Just called the Badlands company and advised that I recently dropped my Monster Fanny Pack from 20 feet and broke a zipper and a delrod. Lady asked for my address and informed that these items were to be shipped today. This is customer service.


----------



## 01Foreman400 (Nov 18, 2009)

I've heard nothing but great things about the customer service.  I've got a Super Day pack myself.


----------



## Sargent (Nov 18, 2009)

Next time I need a new pack, I will definitely spend the extra cash to get a Badlands.  I've heard nothing but good things about them and the company.


----------



## deadend (Nov 18, 2009)

I have a 2200 and think it is one of the best packs I've ever had.  It will take some doing to tear it up but I know they'll fix it if I ever do.


----------



## green46 (Dec 7, 2009)

Is there any type of proof of purchase recquired or can you just send the pack in for repairs?  I have not had any problems but I was wondering in case I do.  Bought mine new on e-bay last year and I don't have a receipt or anything.


----------



## DannyW (Dec 12, 2009)

Last year I was involved in an unfortunate accident and the on-site paramedics had to cut my Badlands pack to move it out of the way. I called Badlands, explained what happened and they said "no problem, it does not matter how the damage occurred...just send it in".

At the same time I asked if an extra strap could be added while the pack was at the shop. When the pack was returned it had the extra strap modification that I requested.

All at no charge. And they never asked for any proof of purchase or even when I bought the pack.

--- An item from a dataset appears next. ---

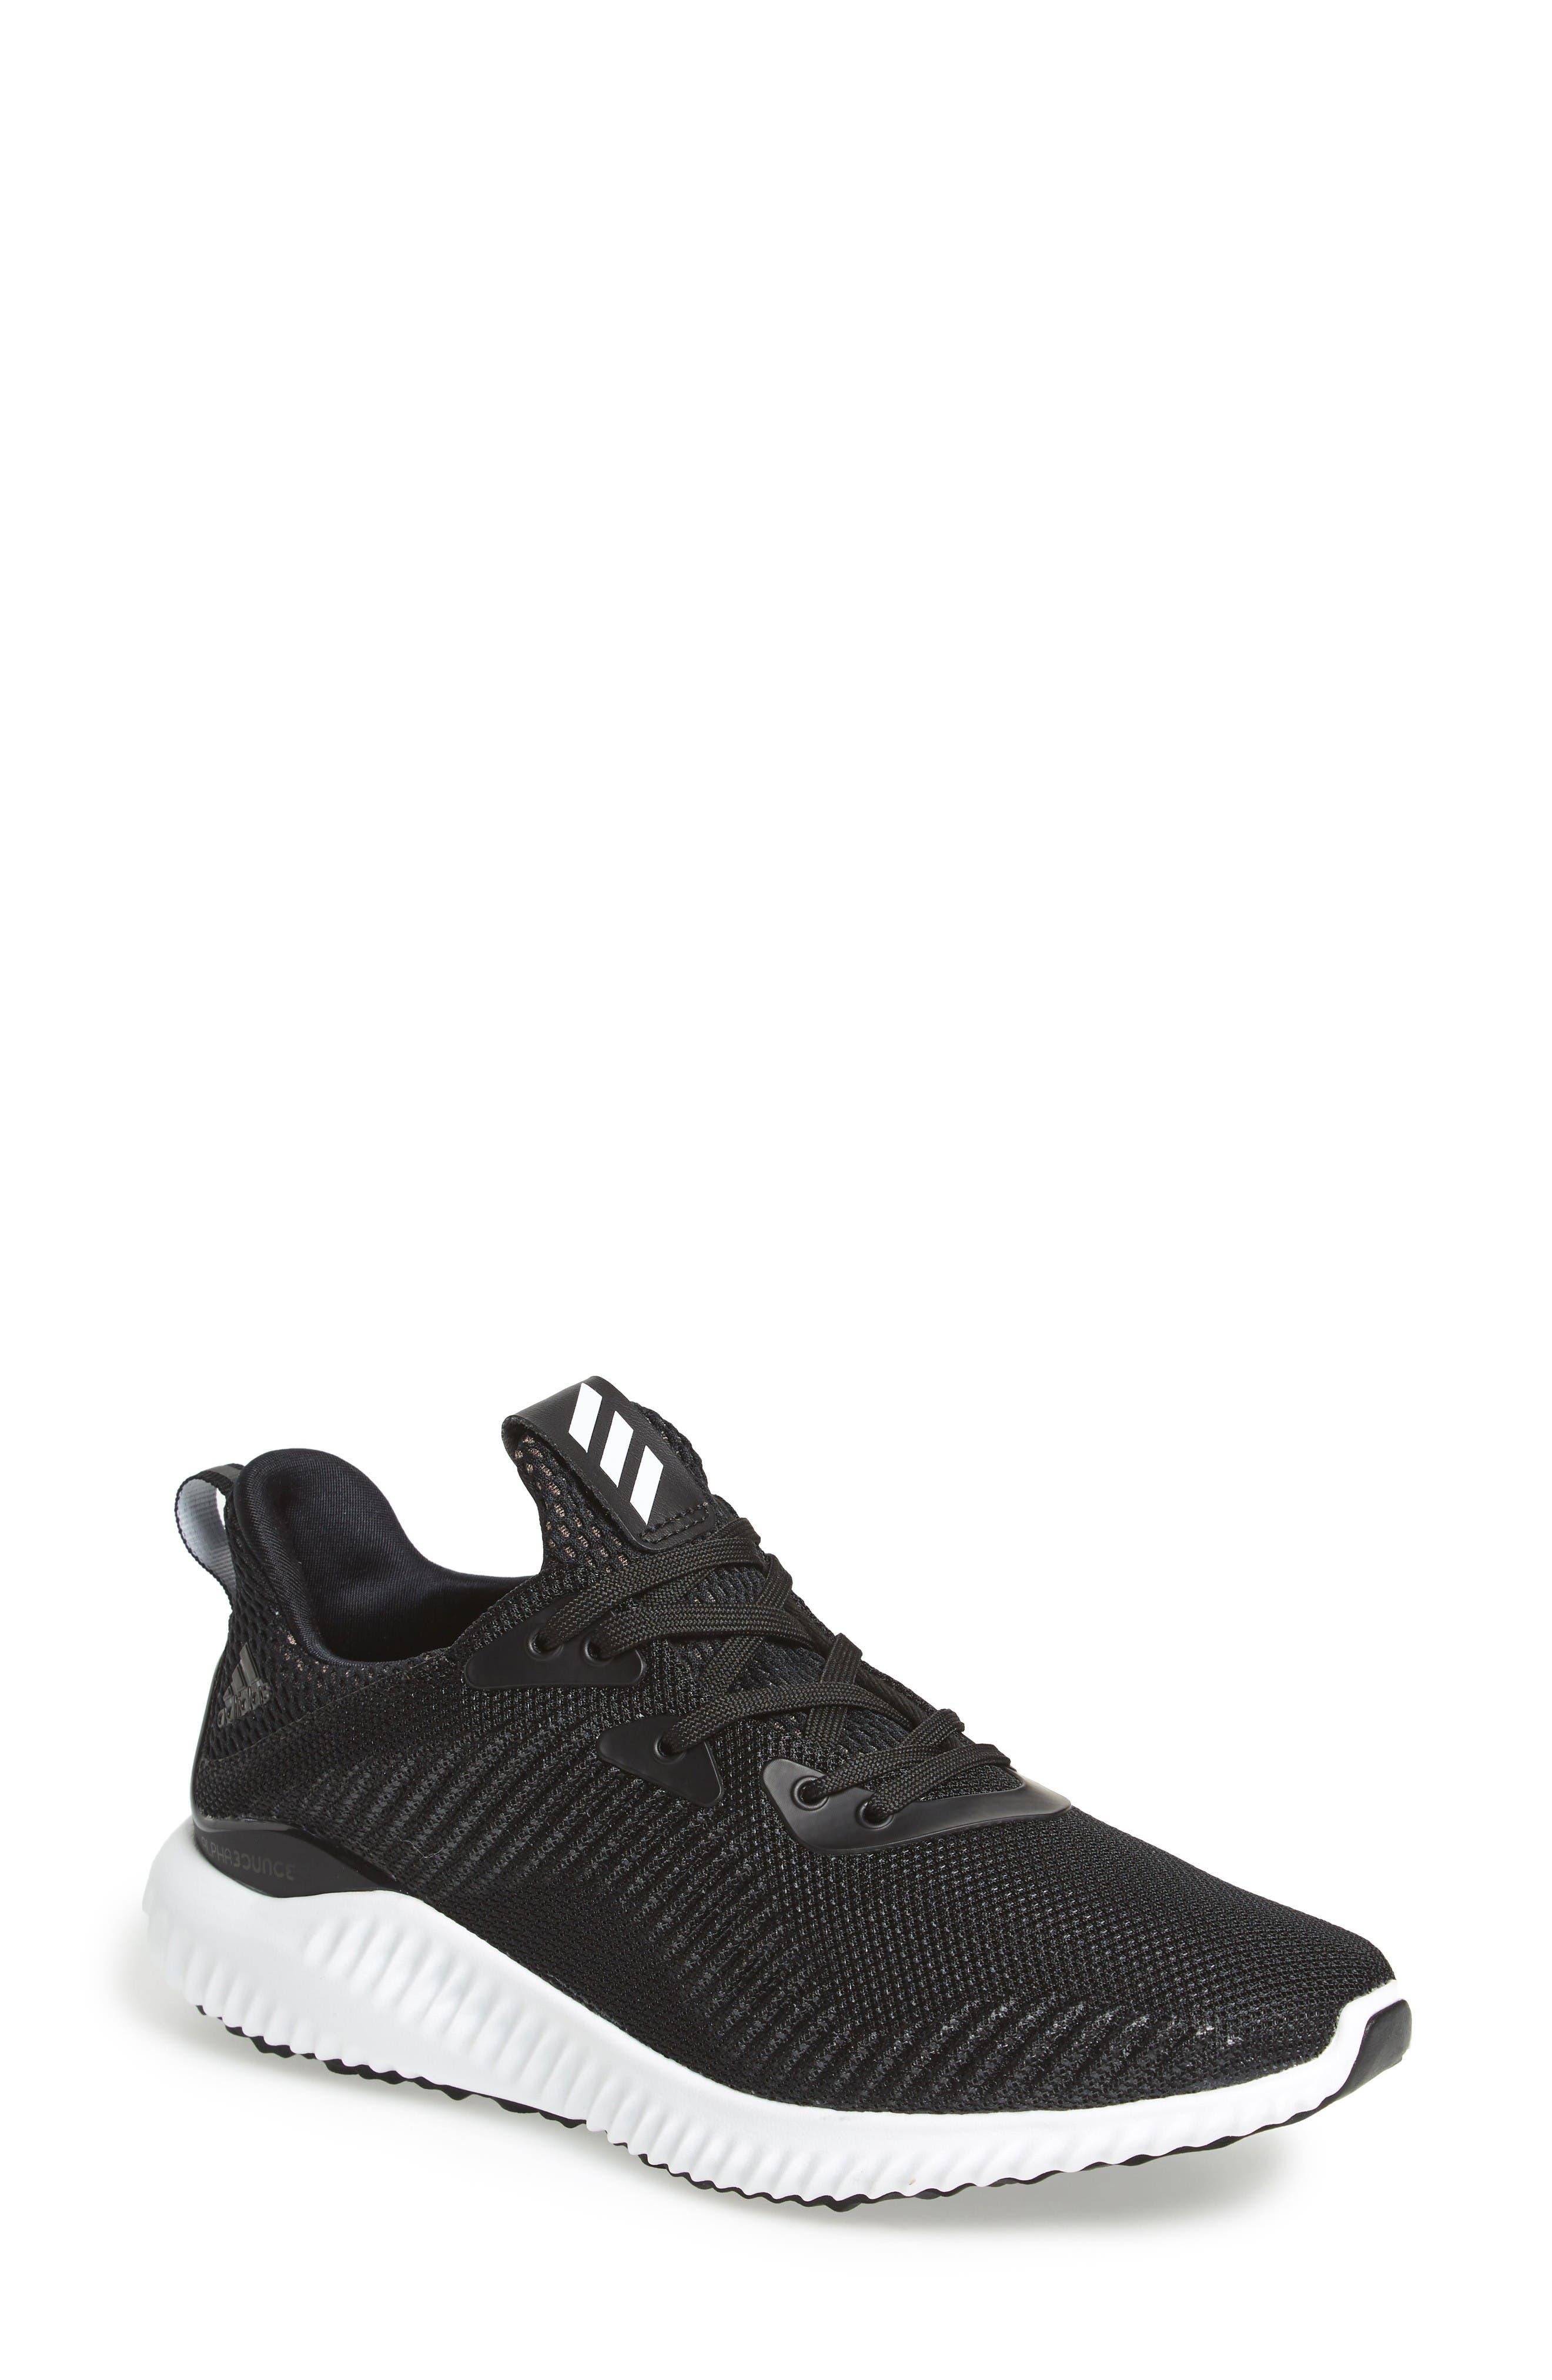 adidas AlphaBOUNCE Sneaker (Women)

That's a no Edited to Remove Profanity ----Edited to Remove Profanity ----, bullet proof warranty if you ask me. In my experience only Leupold and T/C have warranties that can be compared to Badlands.


----------



## Goat (Jan 19, 2010)

The best.  i use my superday and nano all the time.


----------



## Wacenturion (Jan 29, 2010)

You can buy a Badlands pack at a garage sale and it's still covered under warranty....you can be the 5th owner...still covered....doesn't matter.  Great packs, great company.


----------



## FX Jenkins (Jan 29, 2010)

Wacenturion said:


> You can buy a Badlands pack at a garage sale and it's still covered under warranty....



what neighborhoods do you go yardsale'n?


----------



## FERAL ONE (Jan 29, 2010)

i bought a monster that i use for my camera gear . tripod strapped to the bottom !!! it is a wicked setup and works wayyyyy better than any "camera" bag i have tried !!!


----------



## Camokid (Feb 5, 2010)

*Can't beat this.........*

Straight from the Badlands website.......

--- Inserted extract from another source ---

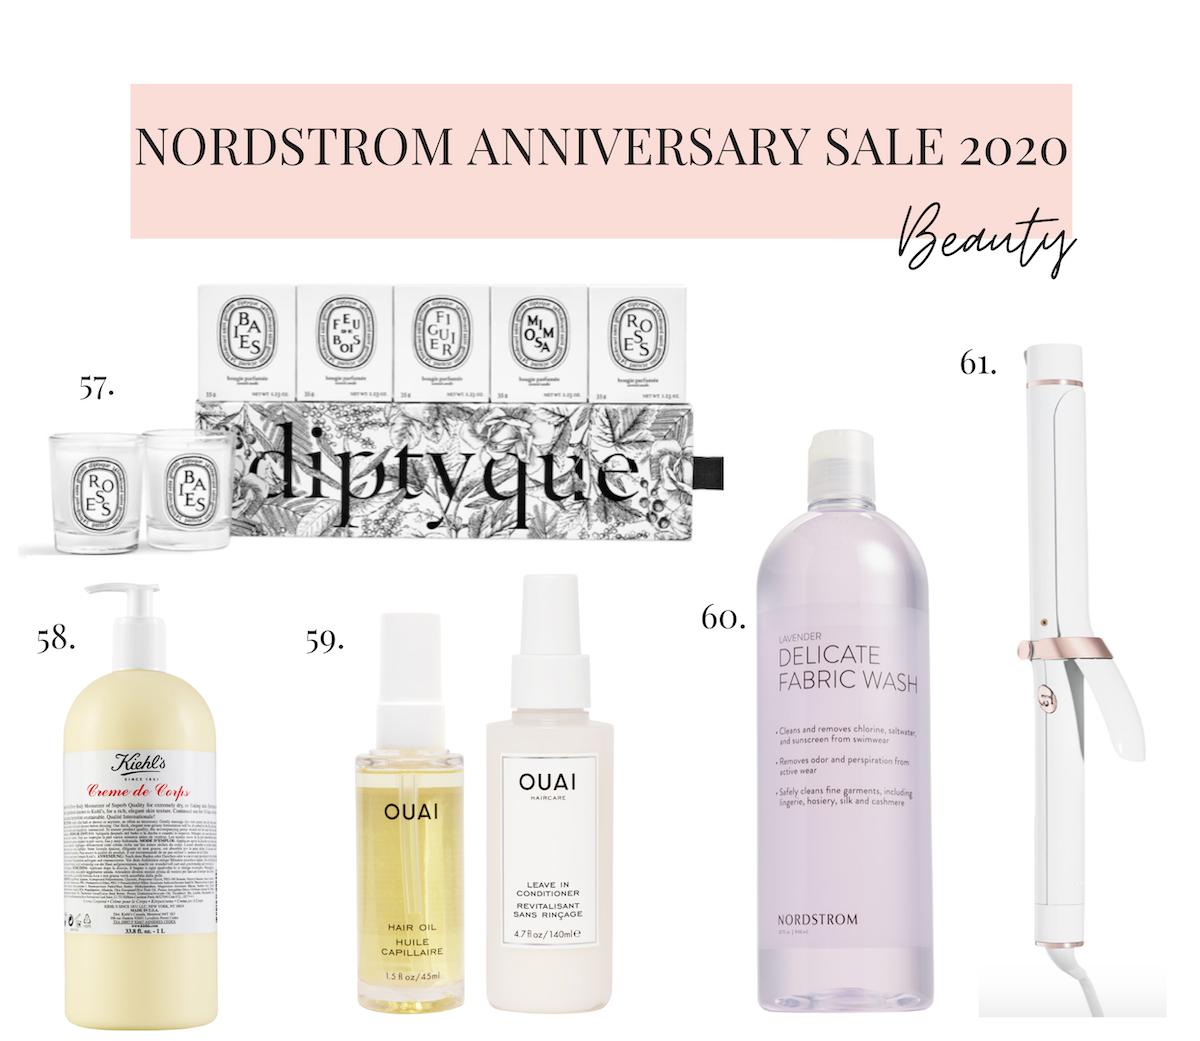 Nordstrom anniversary sale 2020 beauty picks

The Legendary Badlands Unconditional Warranty

"We don't care what happened, or whose fault it was, we will fix it for free forever. We could care less if you bought it at a garage sale or a gear swap, as long as it says Badlands on the pack it's covered. All we ask is that you use and abuse your pack as much as possible so we can learn how to make better products."


----------